_Description of the task_: Can you quote the lines below exactly, starting at the line with "Boanerges Camargos's podcast" and going through the last one?

Records from a collection:
--

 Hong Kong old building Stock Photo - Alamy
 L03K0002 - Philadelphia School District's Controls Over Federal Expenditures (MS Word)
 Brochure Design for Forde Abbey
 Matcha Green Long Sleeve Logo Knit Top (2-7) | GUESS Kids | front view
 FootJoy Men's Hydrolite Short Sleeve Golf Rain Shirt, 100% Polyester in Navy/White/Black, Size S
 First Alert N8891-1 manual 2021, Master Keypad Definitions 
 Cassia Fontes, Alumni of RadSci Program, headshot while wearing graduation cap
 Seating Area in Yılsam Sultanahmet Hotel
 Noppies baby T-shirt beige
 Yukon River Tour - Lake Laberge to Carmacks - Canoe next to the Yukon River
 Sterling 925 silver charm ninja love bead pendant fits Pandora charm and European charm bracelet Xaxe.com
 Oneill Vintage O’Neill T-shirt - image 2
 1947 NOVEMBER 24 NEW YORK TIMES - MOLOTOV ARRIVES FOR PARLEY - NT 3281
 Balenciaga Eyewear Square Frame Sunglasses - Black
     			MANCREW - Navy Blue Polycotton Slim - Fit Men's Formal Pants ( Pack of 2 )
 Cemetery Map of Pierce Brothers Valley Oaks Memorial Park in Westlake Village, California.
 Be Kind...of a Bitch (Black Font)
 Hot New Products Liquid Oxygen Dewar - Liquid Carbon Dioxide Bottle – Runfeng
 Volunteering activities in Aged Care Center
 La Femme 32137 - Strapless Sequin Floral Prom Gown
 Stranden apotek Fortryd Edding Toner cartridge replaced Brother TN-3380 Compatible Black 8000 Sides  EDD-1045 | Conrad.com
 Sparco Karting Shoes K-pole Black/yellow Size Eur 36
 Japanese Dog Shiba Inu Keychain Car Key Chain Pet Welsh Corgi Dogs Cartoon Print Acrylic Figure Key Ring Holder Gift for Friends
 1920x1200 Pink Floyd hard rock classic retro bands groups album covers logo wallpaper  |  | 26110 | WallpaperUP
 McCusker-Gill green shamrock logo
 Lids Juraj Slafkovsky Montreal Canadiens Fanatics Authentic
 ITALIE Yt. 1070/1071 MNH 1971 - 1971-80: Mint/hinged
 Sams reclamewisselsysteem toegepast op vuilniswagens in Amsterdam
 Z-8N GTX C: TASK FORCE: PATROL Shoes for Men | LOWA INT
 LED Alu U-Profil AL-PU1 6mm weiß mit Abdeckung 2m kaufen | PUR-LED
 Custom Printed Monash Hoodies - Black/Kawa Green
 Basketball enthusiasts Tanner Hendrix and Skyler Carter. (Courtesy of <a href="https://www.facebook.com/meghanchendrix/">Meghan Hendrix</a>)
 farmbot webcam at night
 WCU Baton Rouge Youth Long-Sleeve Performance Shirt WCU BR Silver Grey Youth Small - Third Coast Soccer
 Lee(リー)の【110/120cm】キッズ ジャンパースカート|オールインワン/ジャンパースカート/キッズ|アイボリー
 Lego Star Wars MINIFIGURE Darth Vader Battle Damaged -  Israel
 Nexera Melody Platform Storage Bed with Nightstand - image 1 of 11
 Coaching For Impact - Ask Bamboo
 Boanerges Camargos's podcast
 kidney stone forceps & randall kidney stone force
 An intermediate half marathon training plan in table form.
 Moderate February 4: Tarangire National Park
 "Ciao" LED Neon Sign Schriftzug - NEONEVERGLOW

--

_Solution_:
 Boanerges Camargos's podcast
 kidney stone forceps & randall kidney stone force
 An intermediate half marathon training plan in table form.
 Moderate February 4: Tarangire National Park
 "Ciao" LED Neon Sign Schriftzug - NEONEVERGLOW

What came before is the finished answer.